Are you eating enough?
A misconception for many people is that they think they’re eating too much, but more often the opposite is true.
“One of the most common things that I see consistently in-clinic is people under-eating as their mileage goes up, and as their training increases,” she says. “This very much ties into the idea of diet culture and of using exercise to shrink our bodies.”
Carla has such a positive attitude towards food and training, her message really focuses on enjoying your food and using it as the fuel for the exercise you love to do, not to lose weight. Personally, whenever I have upped my training I have found it goes hand in hand with restricting my food. But generally, the more activity we do the more calories we need to consume.
This goes for anyone, whether you’re training for a 5k or a marathon.
I have felt many times that I don’t need to be thinking much about nutrition as I’m not an athlete, I’m not looking to complete my marathon in under three hours, I just want to cross the finish line.
There was a smile in the room when Bredin mentioned a favourite quote “If you run, you’re a runner” as I’m sure most of us experience some imposter syndrome whilst training. But she firmly believes we need to fuel ourselves adequately even if we are only sticking to our 5k runs during the week and not aiming for anything bigger. “What we want to do is embrace what we’re capable of and really fuel our bodies so that we can thrive, whether it’s a five 5K or 42k.”
Run for joy
Often, when we are looking at training for something big like a marathon, weight loss can be a motivator. I know for me this is definitely true. However, if you are trying to cut calories and up your mileage you will not be able to sustain this for long. Bredin is very vocal about the damaging effects of this, especially if you are training hard, as it can really damage your body.

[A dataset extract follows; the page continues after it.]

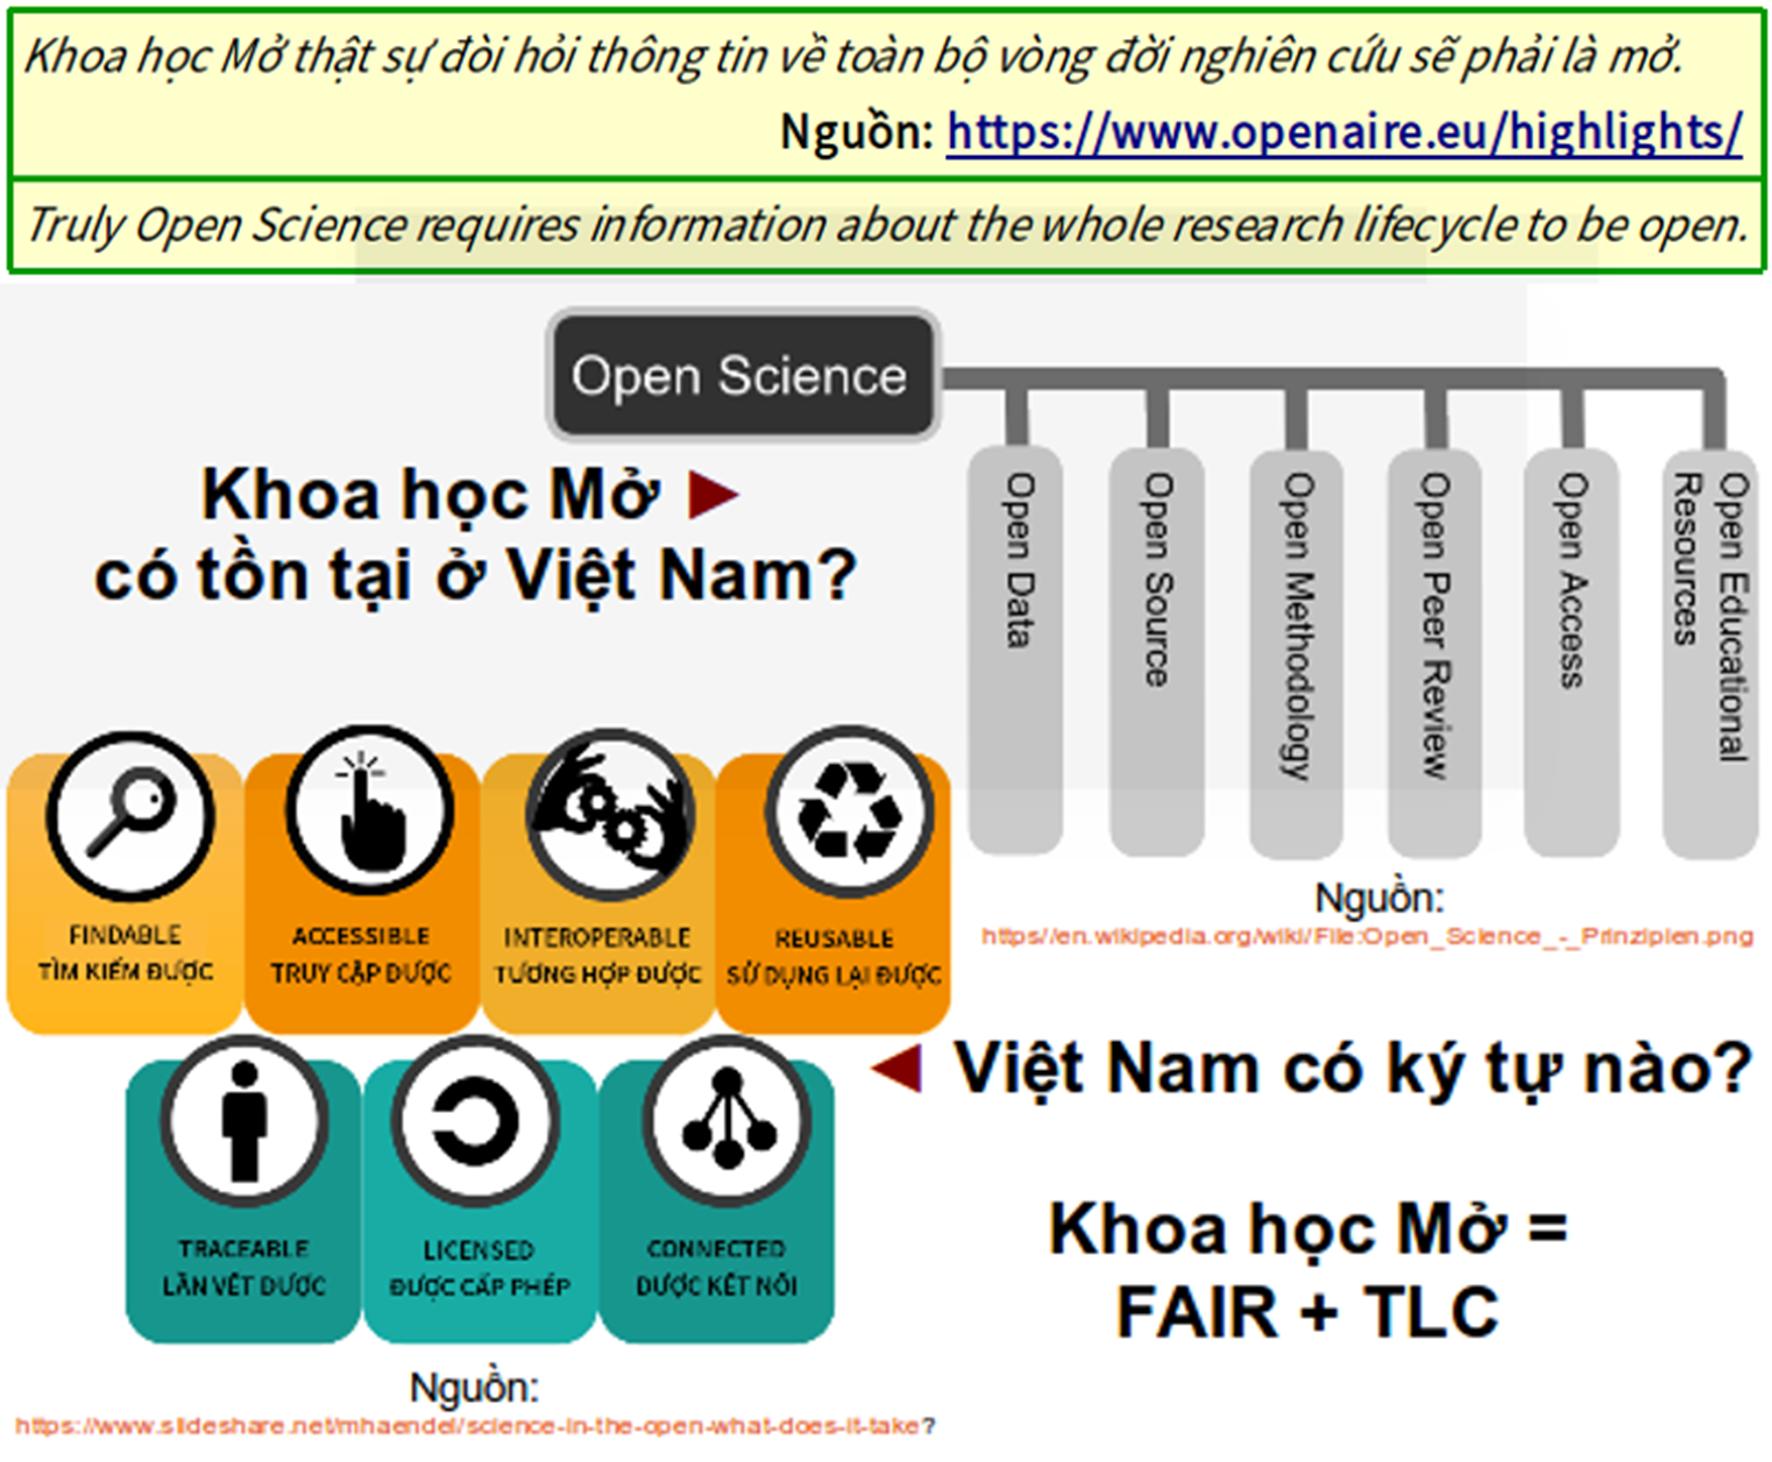 Khoa học mở - các thành phần và đặc tính. Trong đó, truy cập mở, dữ liệu mở, tài nguyên giáo dục mở là các thành phần không thể thiếu của nó.

Her outlook is that we must move away from thinking of exercise as solely a means of losing weight, and instead as a way of filling our days with joy. She invites us to “…remind yourselves that it is an incredibly powerful thing to allow your body to pound the streets with abandon, with freedom. It doesn’t have to be about distance. It doesn’t have to be about pace. It can be about joy”.
“One of the things that I see really, really often in the clinic is people using exercise as punishment, not as what I was describing – joy, freedom and freedom of capability. Instead they use it as a punitive method for shrinking their bodies.

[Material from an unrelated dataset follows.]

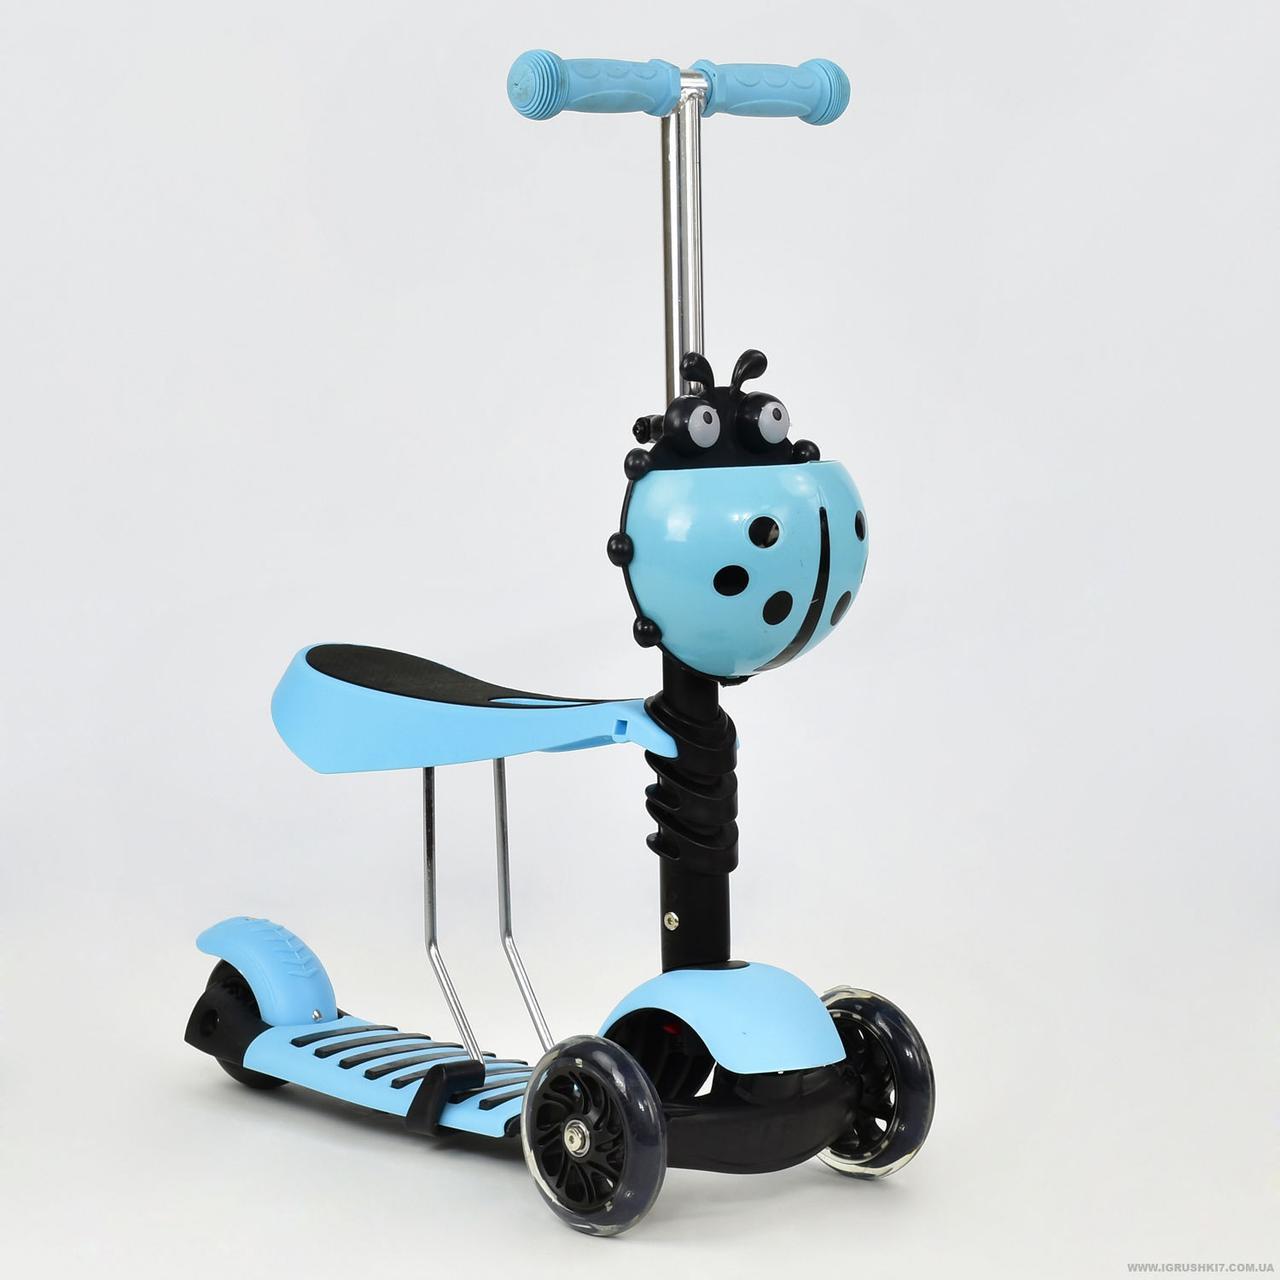 Детский самокат Scooter 3в1 , сиденье, корзинка, А 24671 - 1060  голуб

So we’re going to reclaim running and nutrition, from diet culture.
It is no longer ethical, or satisfactory to talk about reduction of energy for the pursuit of shrinking one’s body because it has such a detrimental effect on performance, and on capability.”
So however long you’re out pounding the pavements for, make sure to give your body the fuel it needs. As someone in the class rightly said, whats the point in running if we don’t get to eat more because of it?
I couldn’t have said it better myself.